Times have changed, Wadsworth said.

When she was a child, her father, who was a Hopi Code Talker, would make the children eat blue dumplings, a bland food they didn’t like, if they spelled an English word wrong. Now, she said, it’s reversed as more translation services for Hopi are available.

Smooth US election Tuesday

Voting was smooth at the Hopi voting locations. Shupla said the U.S. Department of Justice planned to check up on the polls to see how it was going.

Ivan Sidney, community service administrator at First Mesa Consolidated Villages, whose office is next to the voting location in Polacca, said turnout was strong right after the polls opened at 6 a.m. when he cast his vote. He said it was sporadic after that.

The polling location at Kykotsmovi had an influx of early voters Tuesday because it is across the street from the government complex. The tribal government workers were casting their votes before they went to work.

One confusion for some Hopi voters was that the vote for tribal council delegates in Kykotsmovi was Wednesday, the day after the U.S. midterm. Shupla said there was also some confusion on the Navajo Nation because tribal elections and U.S. elections were on the same day, but there were different ballots for each election.

Shupla said a lot of Hopi voters used the drop boxes to vote because they didn’t want to take time off work. She said turnout for the primary election was low on Hopi.

“That’s what Hopi does,” she said of the meager turnout.

Shupla encouraged Hopis to vote because election outcomes impact issues that are relevant in their daily lives, including Social Security and education.

Wadsworth said Proposition 209, which passed Tuesday and lowers the maximum interest rates on medical debt, is important because so many COVID-19 patients were sent off the reservation for treatment and the aftermath is medical debt. She said voting also impacts roads, which could be improved on Hopi.
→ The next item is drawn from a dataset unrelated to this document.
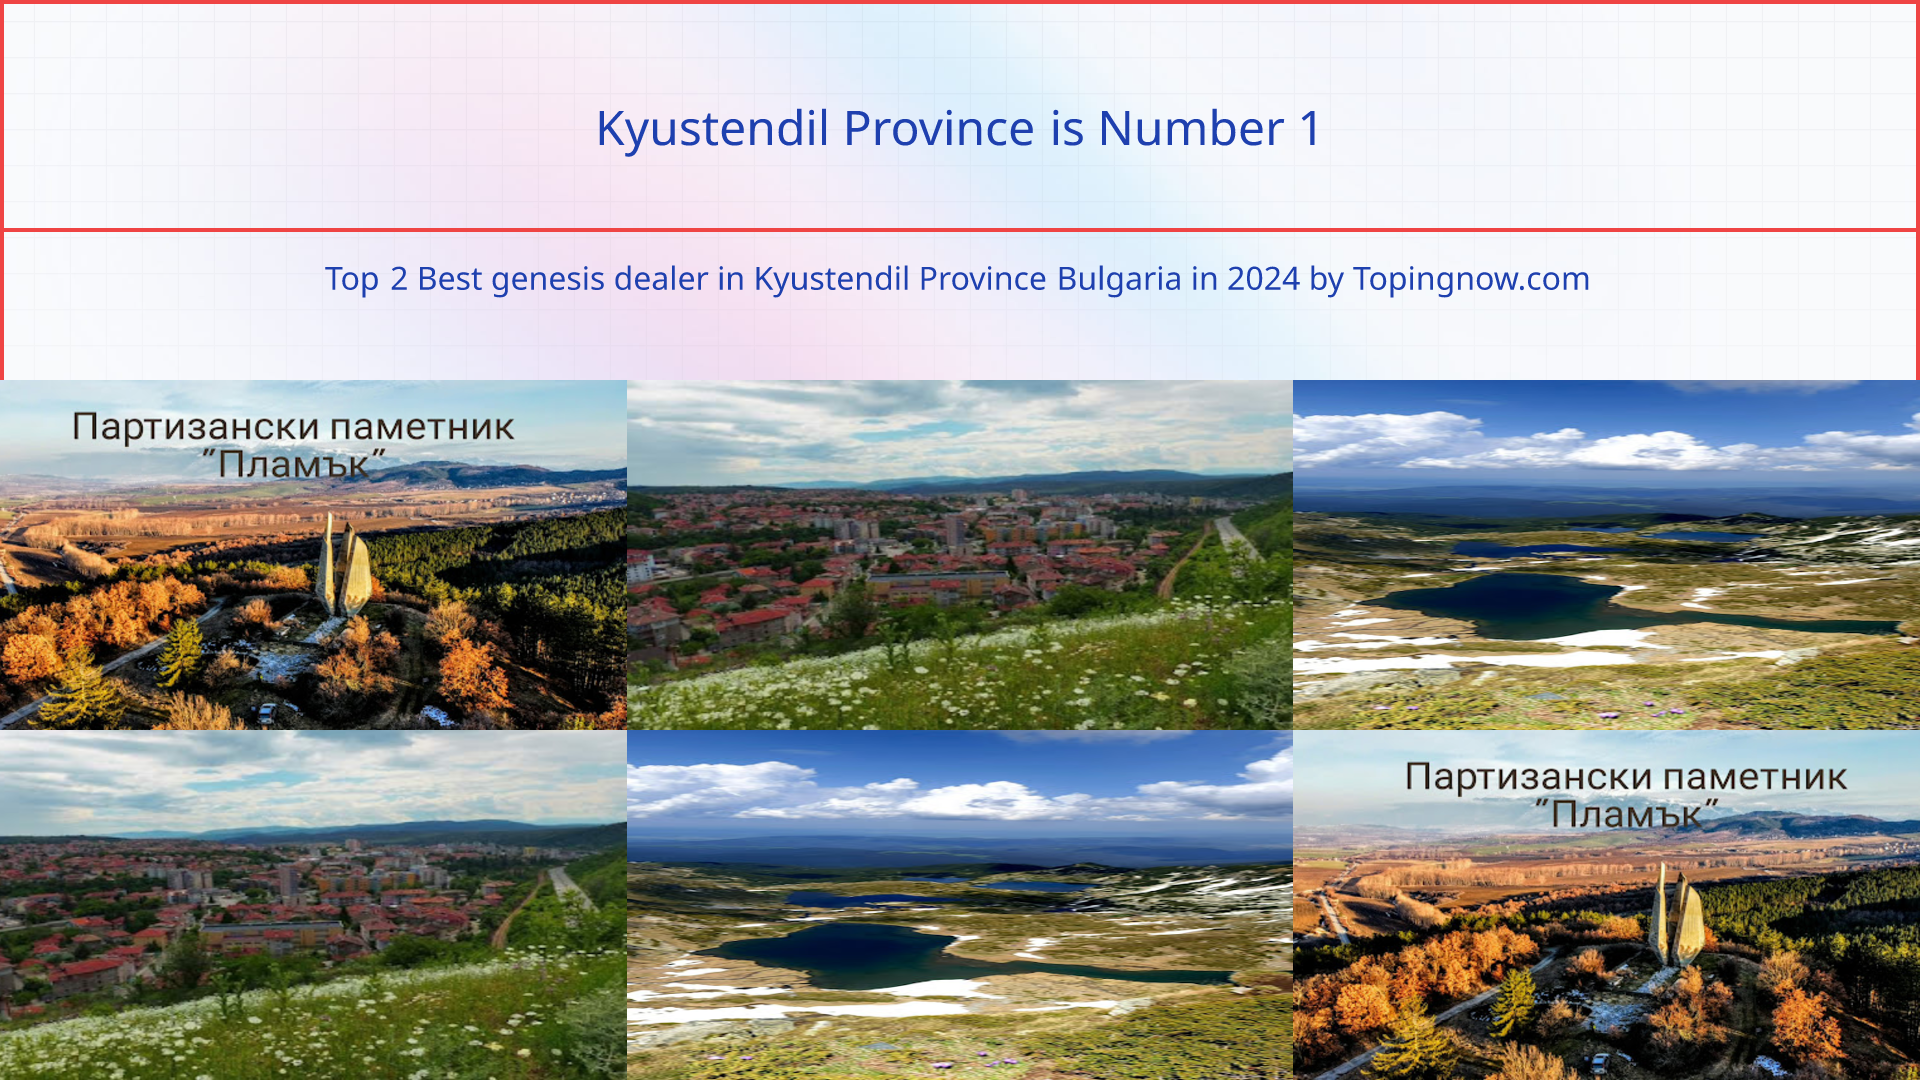 Kyustendil Province: Top 2 Best genesis dealer in Kyustendil Province Bulgaria in 2024

Shupla said it seemed more men were coming out to vote this year. Hopi is a traditionally maternal society, and women make many of the decisions, so Hopi women are more likely than men to vote. She said she hopes voter turnout will increase among young Hopis, too.


View a carousel of photos from the 2022 Midterm election in Arizona here.


Desire for constitutional change

Alan Chavez, community service administrator at Walpi Village on Hopi, said he dropped his U.S. election ballot off early, but that he is more concerned about tribal elections.

Chavez said he wants to see all tribal council delegates elected. Right now, some are appointed.

The Hopi Elections Office sent out a survey about whether the 1936 Hopi Constitution should be changed. But after Hopi Tribal Councilman Dale Sinquah sent a letter to the council opposing the survey, the survey was dropped.

Chavez said he would like to see the constitution changed because it was created by the federal Bureau of Indian Affairs, not the tribe. Chavez said he hoped that the survey would motivate a constitutional change, so all tribal councilors are elected.

“I support the survey because I want to be able to vote for Hopi Tribal Council,” Chavez said. “Any time we can have a voice and not have decisions made for us, then I’m for it.”

Voting in person, by mail or not at all

James Lomakema, who teaches social studies at Hopi Junior-Senior High School, said he cast his vote in person because that is what he normally does.

He talks to his classes about voting, he said, but tells the students it’s their choice.

His job is to have them study the issues and show them what the political parties stand for on those issues, he said.

Juwan Nuvayokva, a physical education teacher, said he mailed his vote in early and didn’t anticipate any problems.

Rick Baker, a cross country coach, said he voted in person, and he will be happy when the “mudslinging” advertisements are done.

Eric Morningstar, a security guard at Hopi High, said he didn’t vote because when Biden ran against Trump in the last election, he didn’t like the choices.